When the dishes were in the sink, she got out of her chair and they sat together on her couch, watching television and talking about what had happened the night before. Sam stayed to hear the sports on the eleven o'clock news. The Knicks had won again, against the San Francisco Warriors, and while the announcer read off the high scorers (Stallworth was not among them), Sam wondered exactly how far from San Francisco Ben's place was. Stella told him that her physical therapist would be there first thing in the morning, at eight o'clock, and Sam said he would go—did she want him to help her get into bed? She said she would manage. Sam thought, before he left, of telling her about what had happened to Steve, but it was too late. He didn't want to give her bad dreams. It was something that, if he were going to mention it, he should have mentioned when he'd first arrived.

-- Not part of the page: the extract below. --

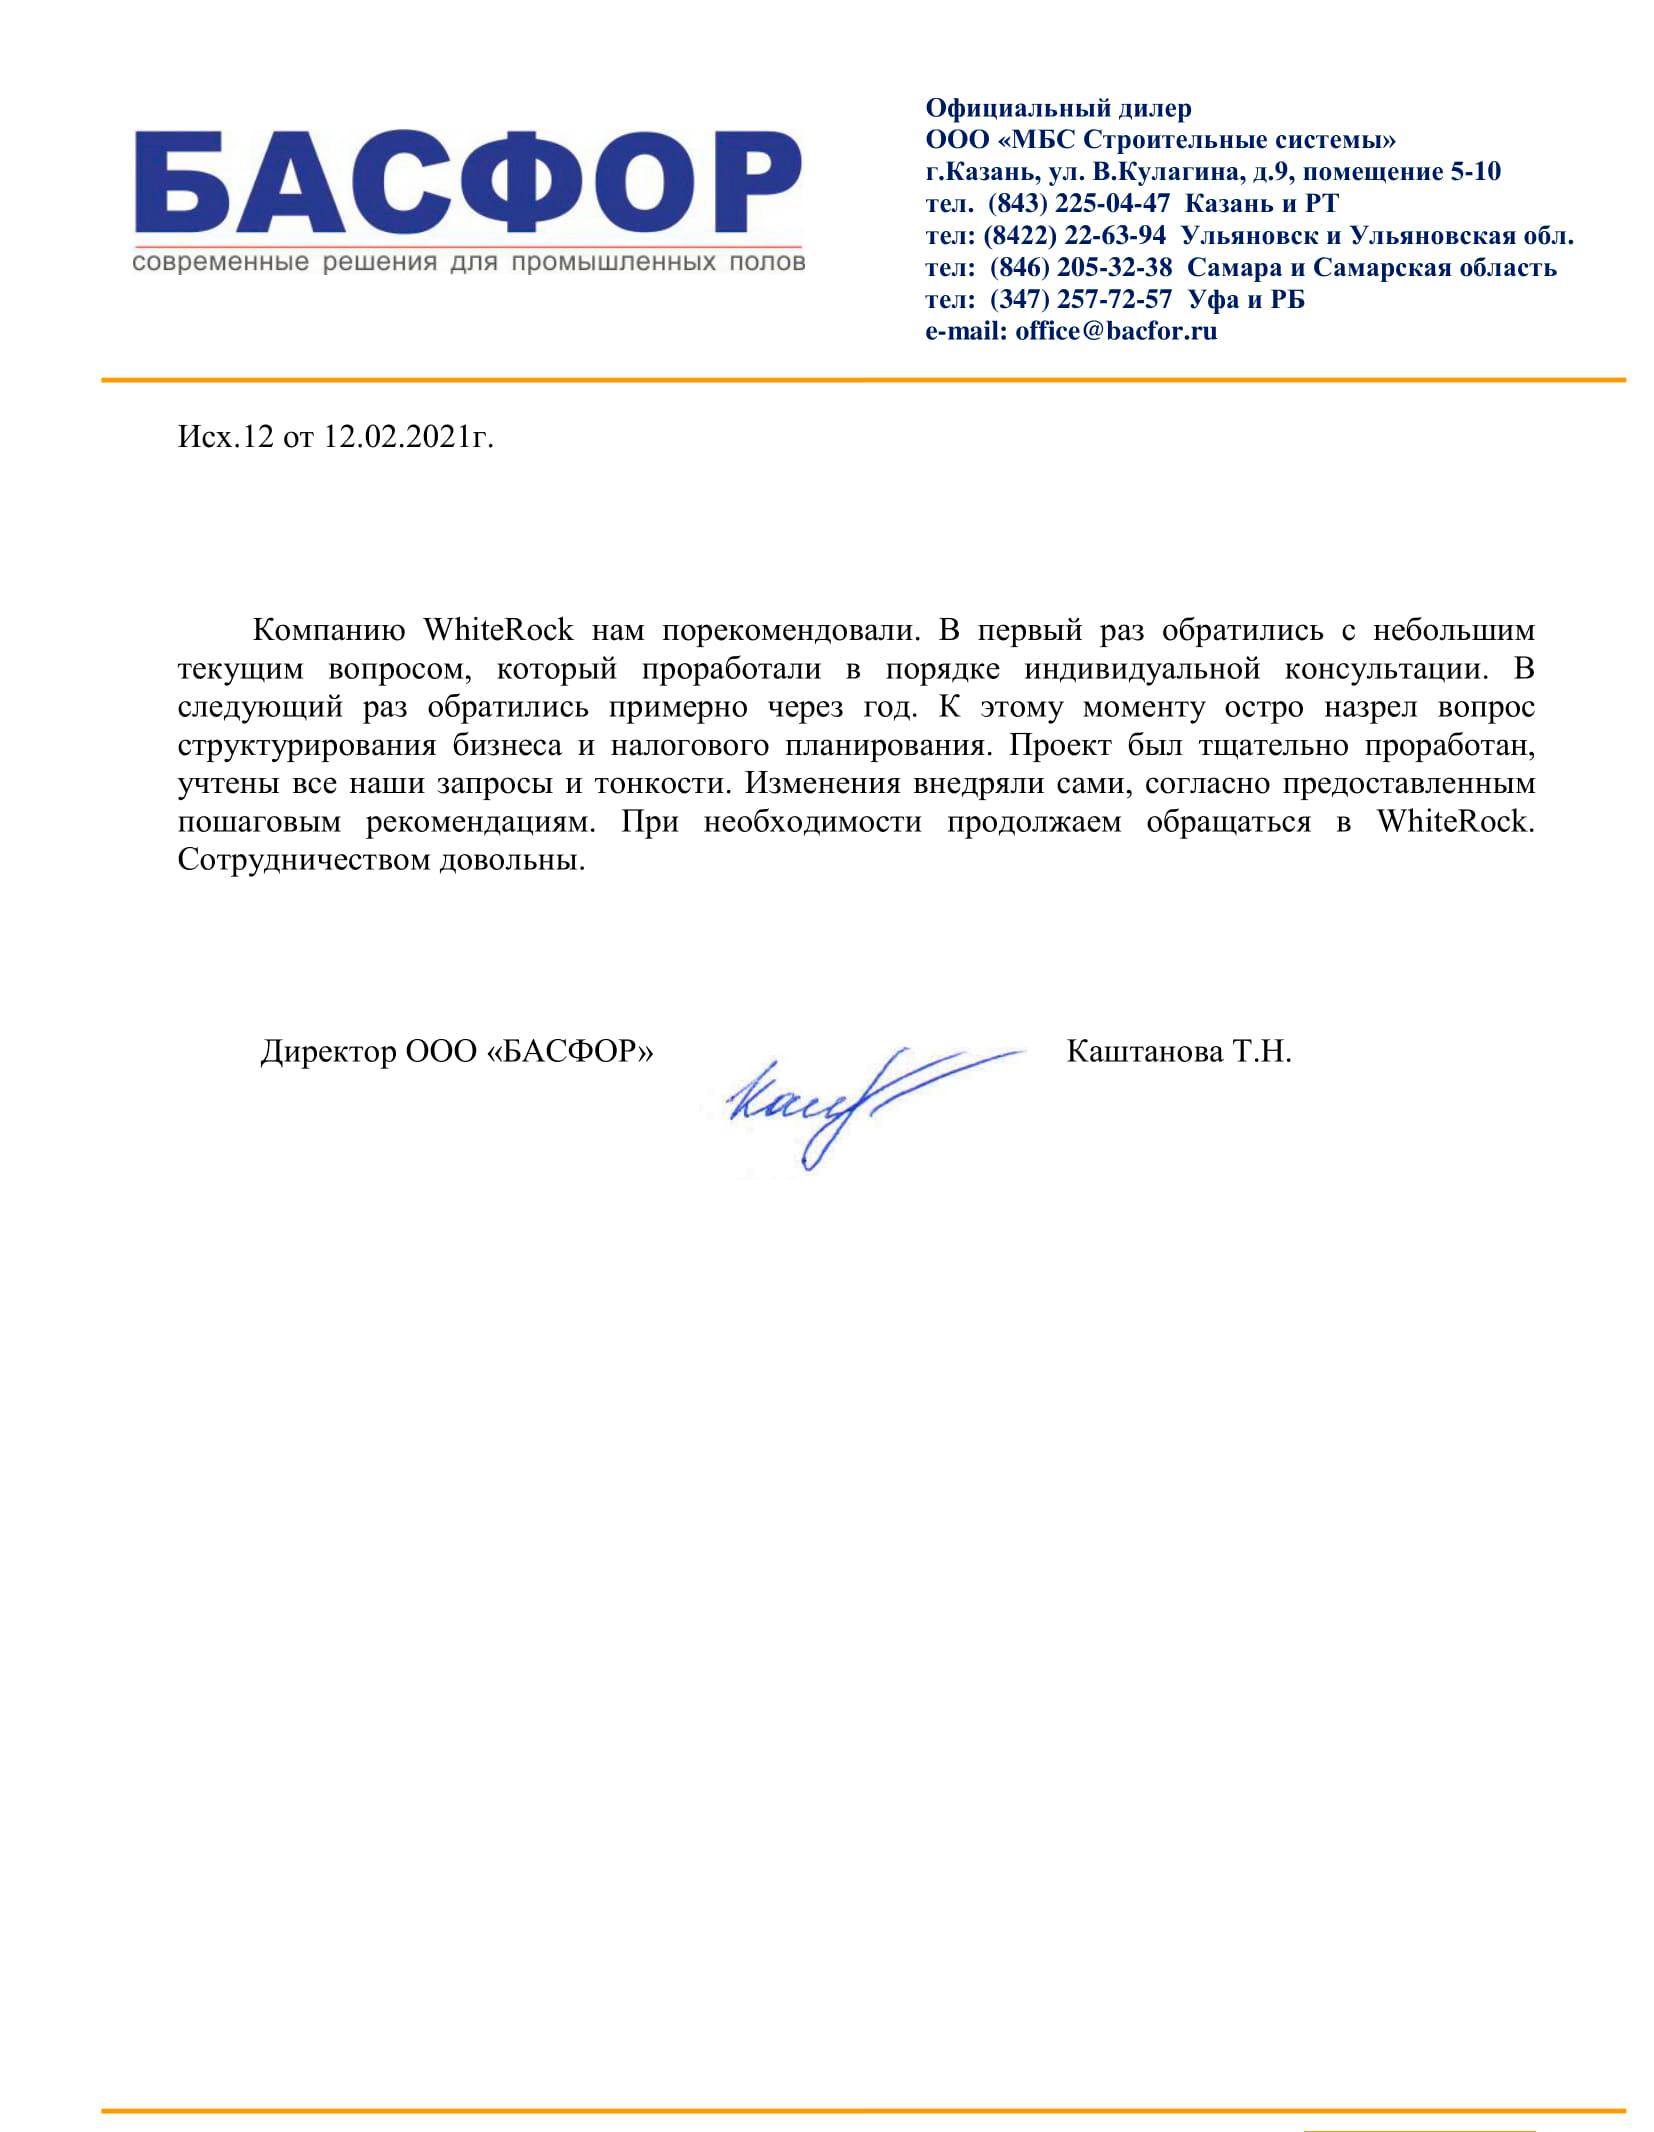 Каштанова Т.Н. - фото

He kissed her goodnight and left, huddled inside his coat, a wool scarf—his mother had sent it to him from the Virgin Islands seven or eight years before—tight around his throat. Stella had been very quiet, he realized as he walked home—and this pleased him. He liked the way she joked with him—the way she had of putting things—but he liked it that she followed her own advice most of the time and wasn't always saying things simply to fill the silence.

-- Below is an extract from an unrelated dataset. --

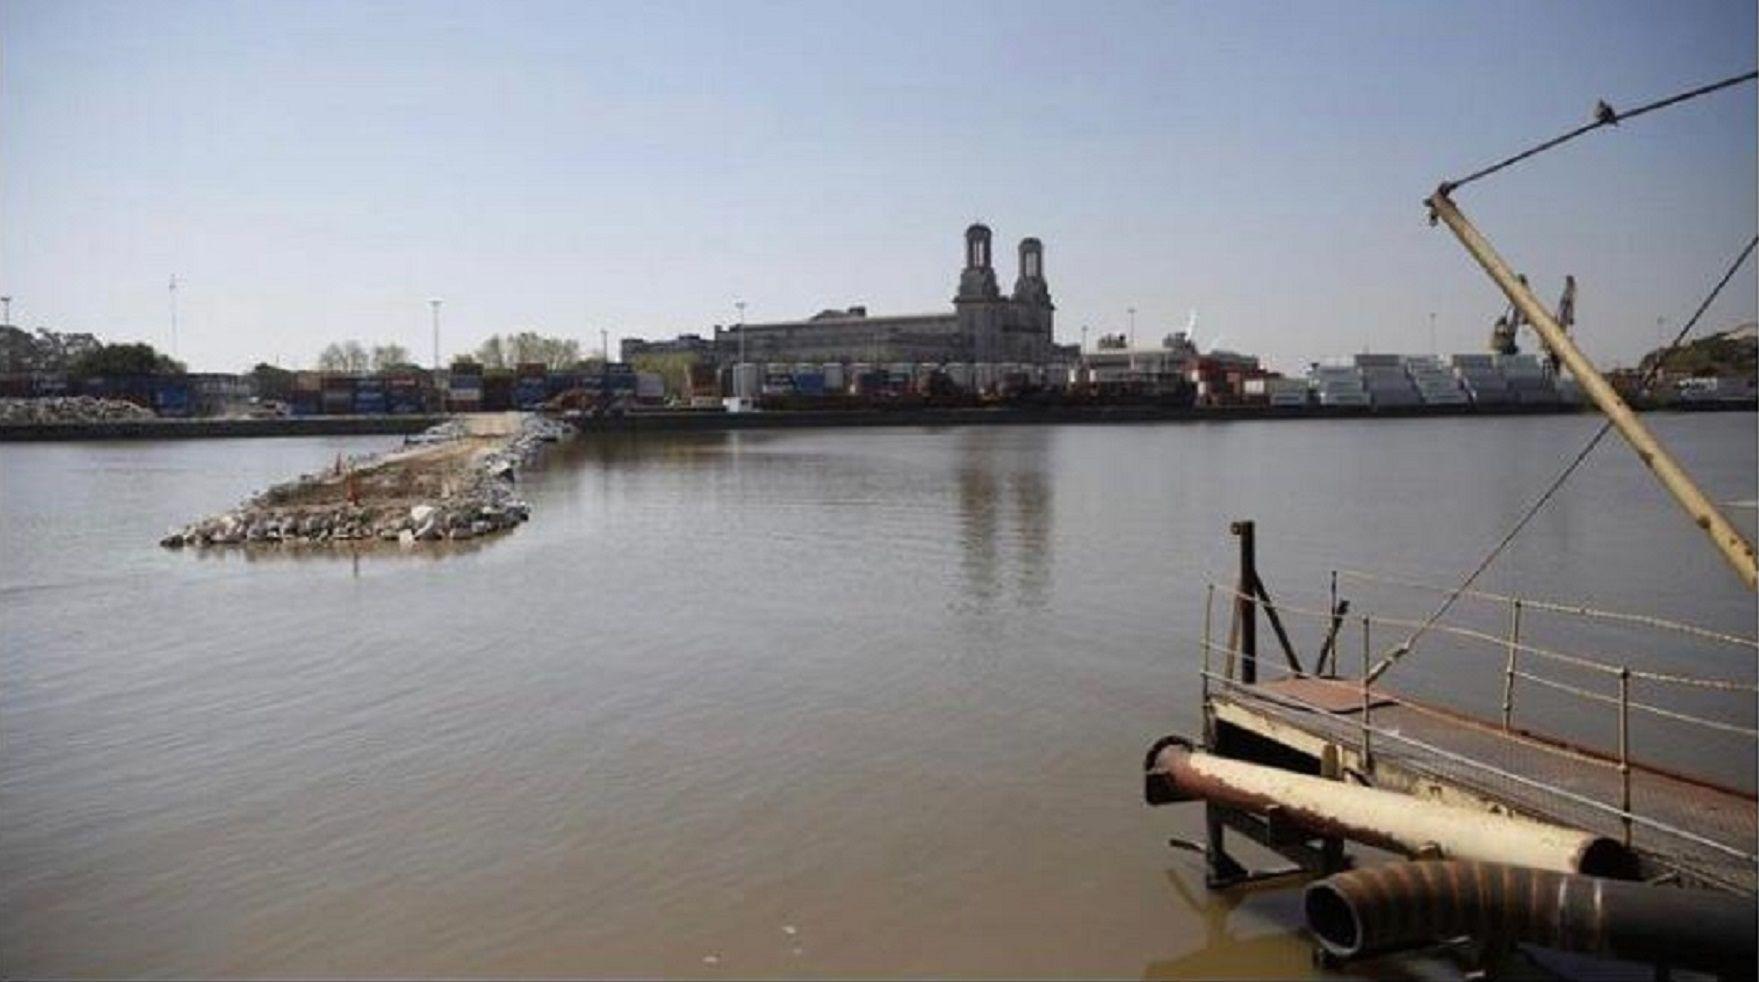 Tragedia en la Costanera: se tiró al río para salvar a su hija y a su esposa y murió ahogado

Sam enjoyed walking around the old neighborhood at night, when nobody else was out: it was usually like this when he came home from the Garden, or from card games, when there were any. Quieter after midnight, since the buses only ran once an hour then. He walked up Linden Boulevard, smiling. Maybe, shuttling back and forth from his place to Stella's, and being able to choose between them—to stay in whichever one he wanted, when he wanted—maybe that was what they meant by peripheral privacy.

Sam turned the corner at Nostrand, onto his own block, and found that he was thinking of what Tidewater had said Rube Foster had once said to him, about the difference between a player who could stay in for the long pull, and one who was only a flash in the pan. Sam remembered how, as a kid, he had become attached to new guys before the season would start—from what the sportswriters would say about them. He could still remember all the names—guys who were going to be the new Bob Fellers or Joe DiMaggios. Now that Sam had seen the sportswriters sucking around dressing rooms and training camps, he resented what they had once done to him—the way they had preyed upon his willingness to believe. Half of them were rummies, though—and Sam had taken a few of their paychecks the time he and Dutch had stayed at Vero Beach together, for the Dodgers' spring training.

He crossed the street and saw that there were no lights on in the back of the rummage shop. That was fine with him. What he had thought of asking Tidewater, though, was this: what do you see in me? If the guy had known Babe Ruth and all those other guys, and if the rest of his story was the truth…

It was all the same to Sam: if what had happened had really happened, or if the old guy had imagined it all. And that included, Sam told himself, the business about the room below the cellar. Sam didn't have to believe that either. He figured Tidewater had found something there, but who knew what it had really been. Sam breathed in. The city air seemed cleaner to him in cold weather. “Hey Sam—!” He stopped, turned, saw nothing. “Over here! Quick!”